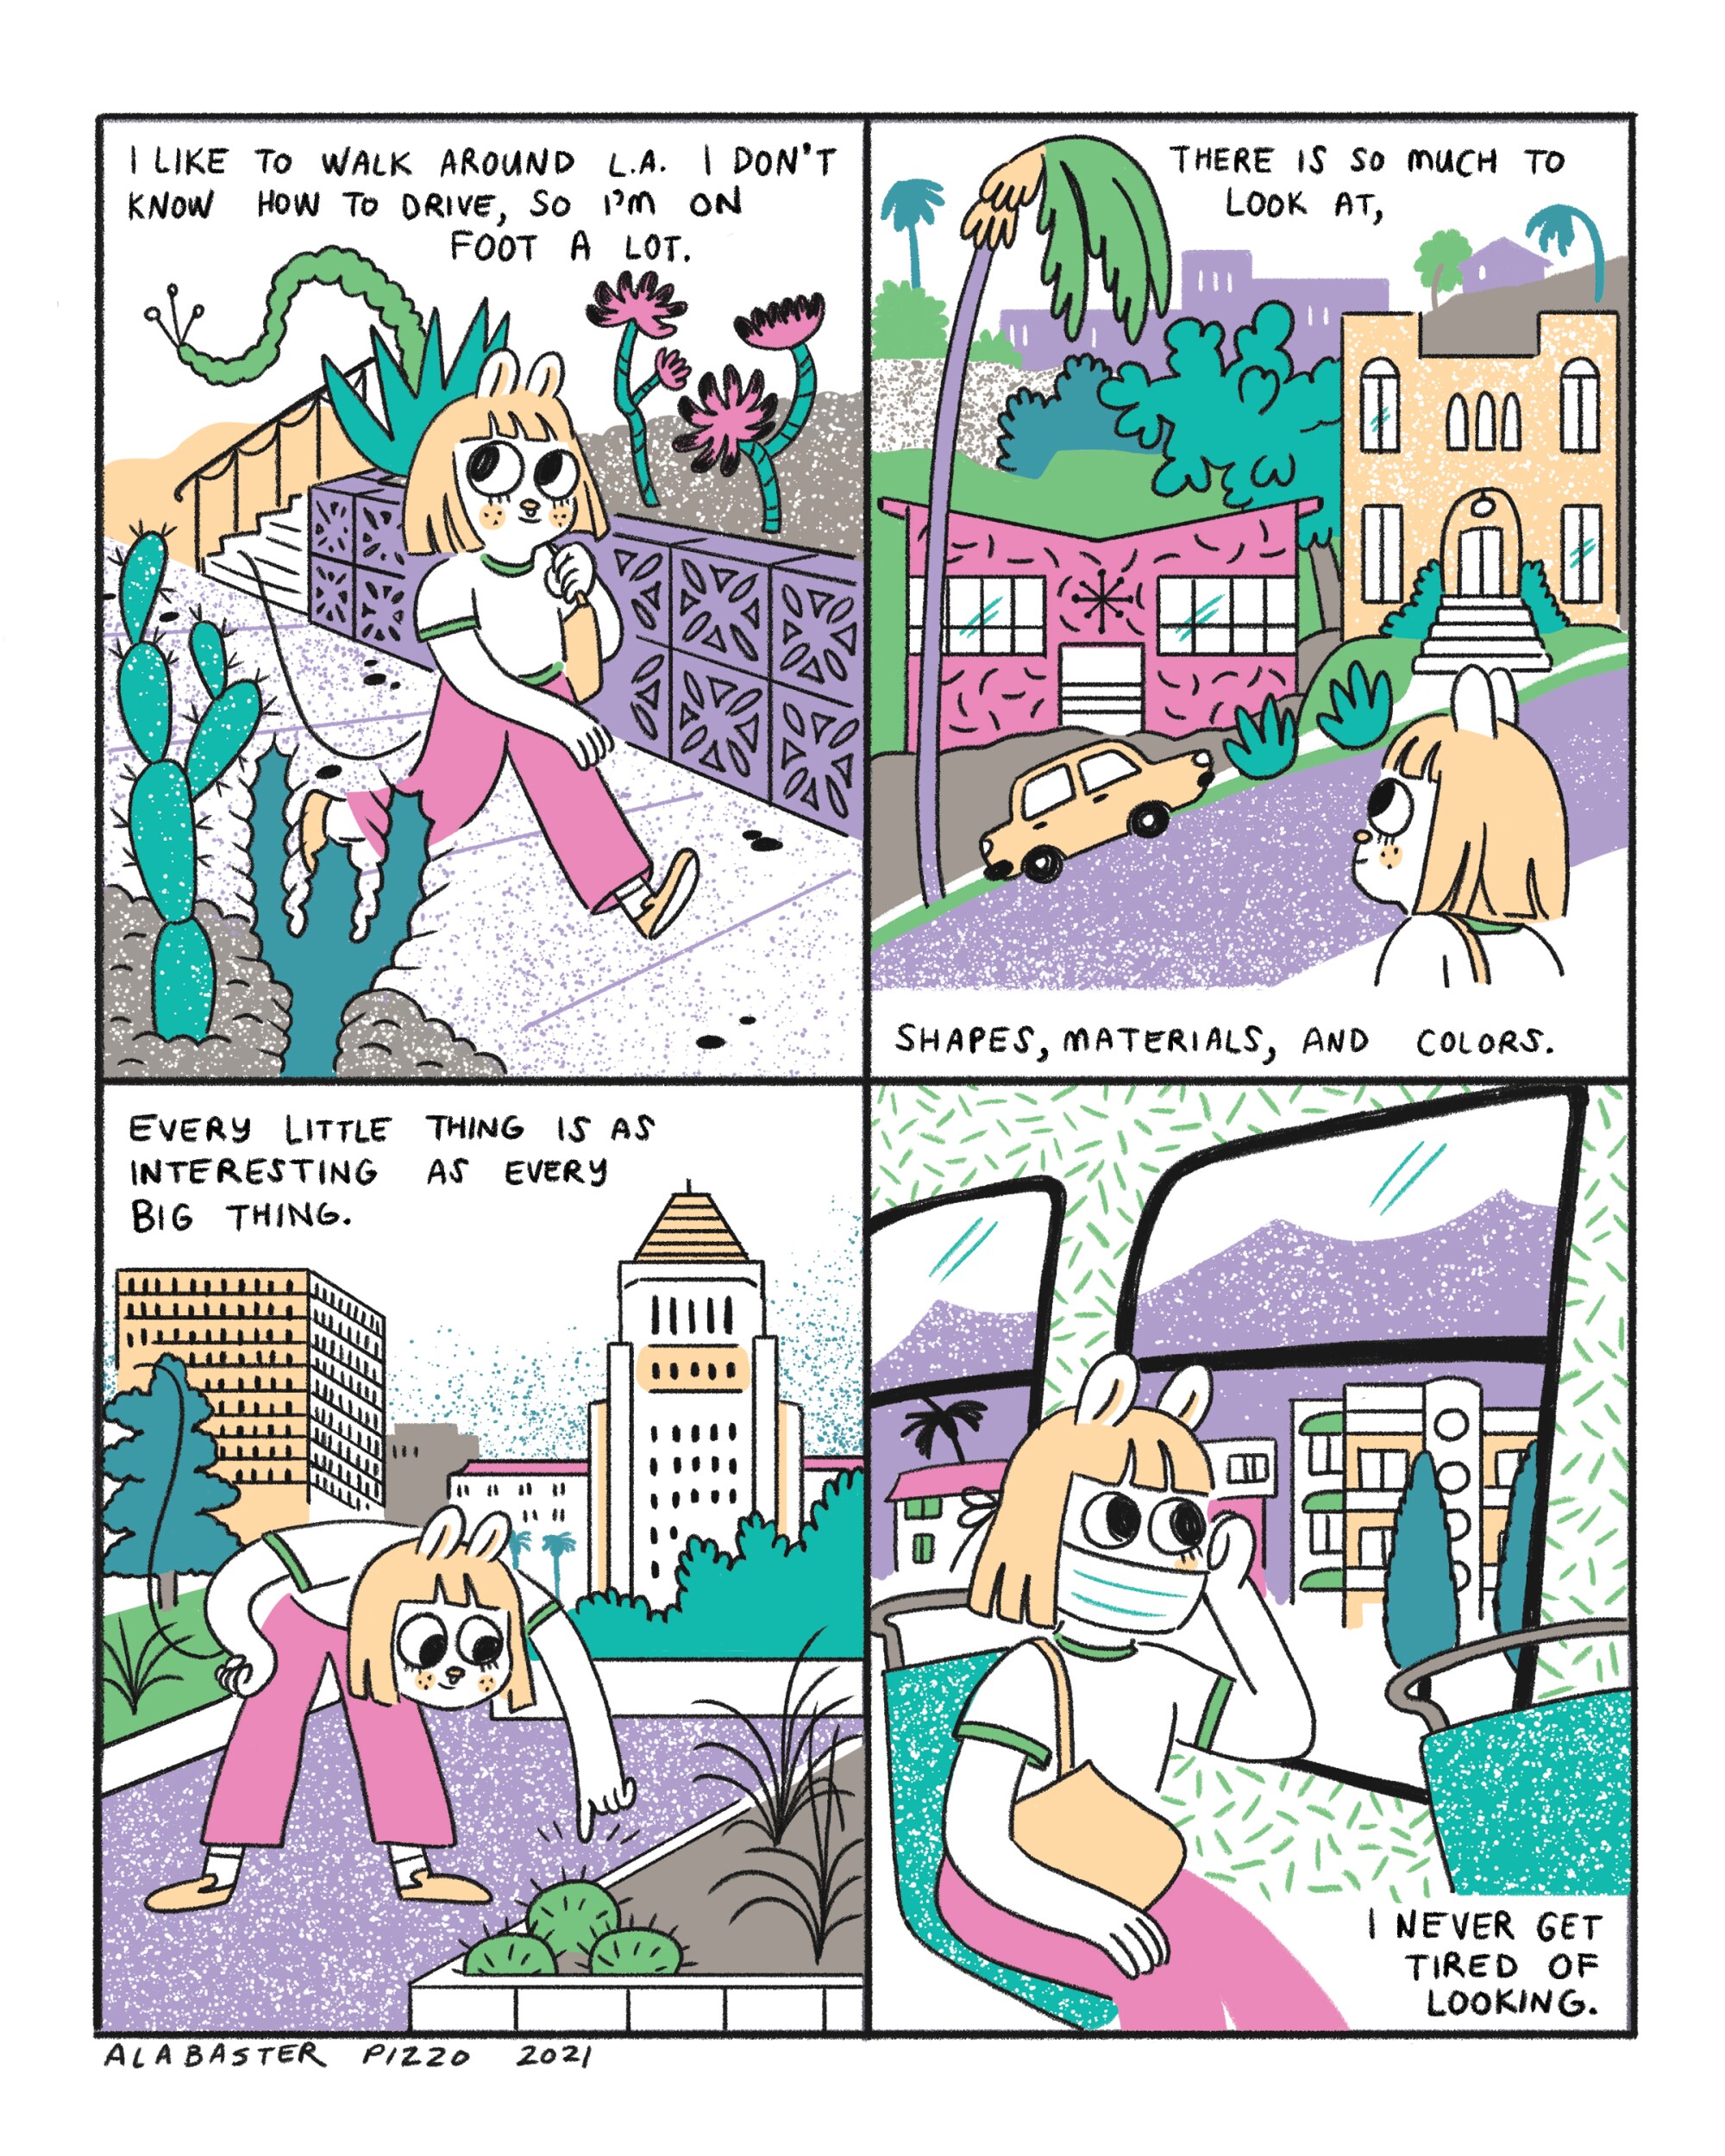 A história em quadrinhos de quatro painéis retrata uma mulher caminhando pela cidade.
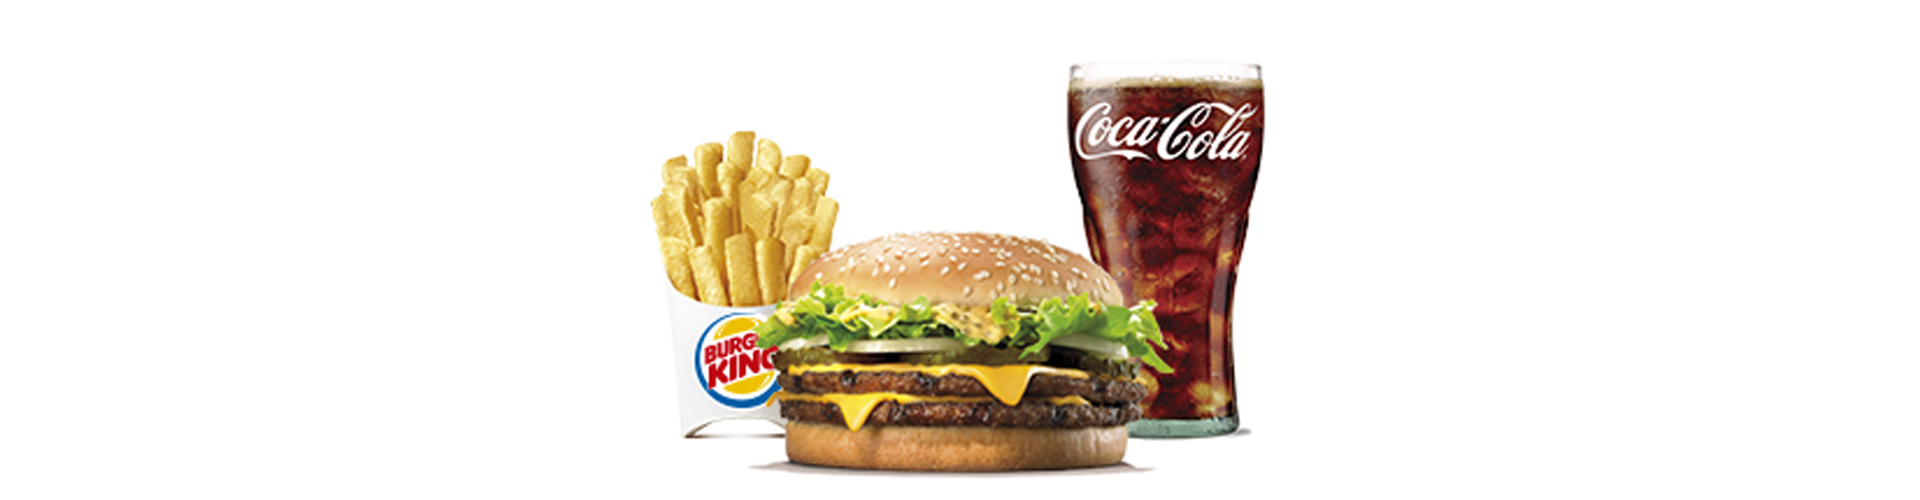 menu-big-king-burgerking-40001712-sprite-aros
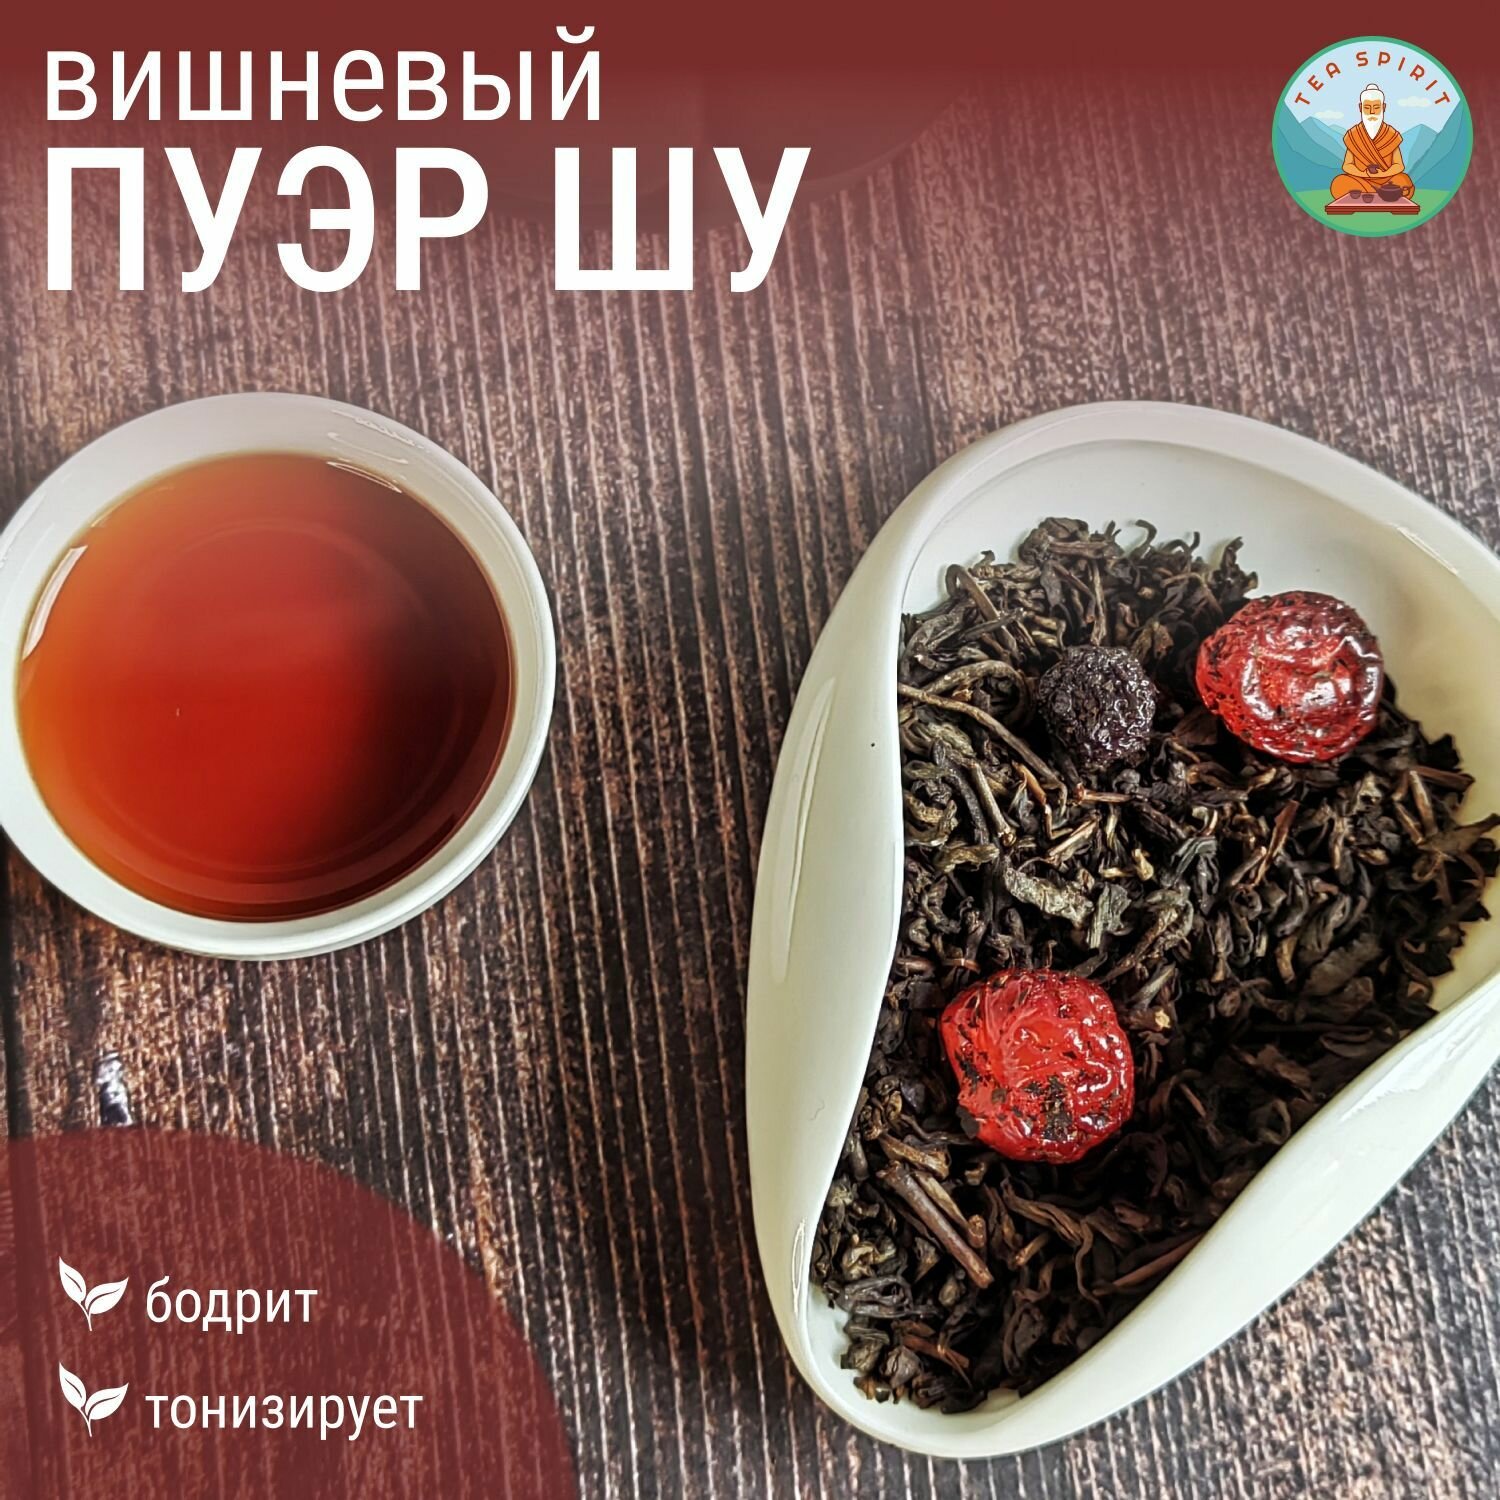 Чай черный пуэр ШУ вишневый / Китайский чай, чай листовой, чай с вишней, 50 г

··········

Give back word for word the lines from the one containing "menu-big-king-burgerking-40001712-sprite-aros" through the final line of the data above. Pictures are to be left out.

 menu-big-king-burgerking-40001712-sprite-aros
 Чай черный пуэр ШУ вишневый / Китайский чай, чай листовой, чай с вишней, 50 г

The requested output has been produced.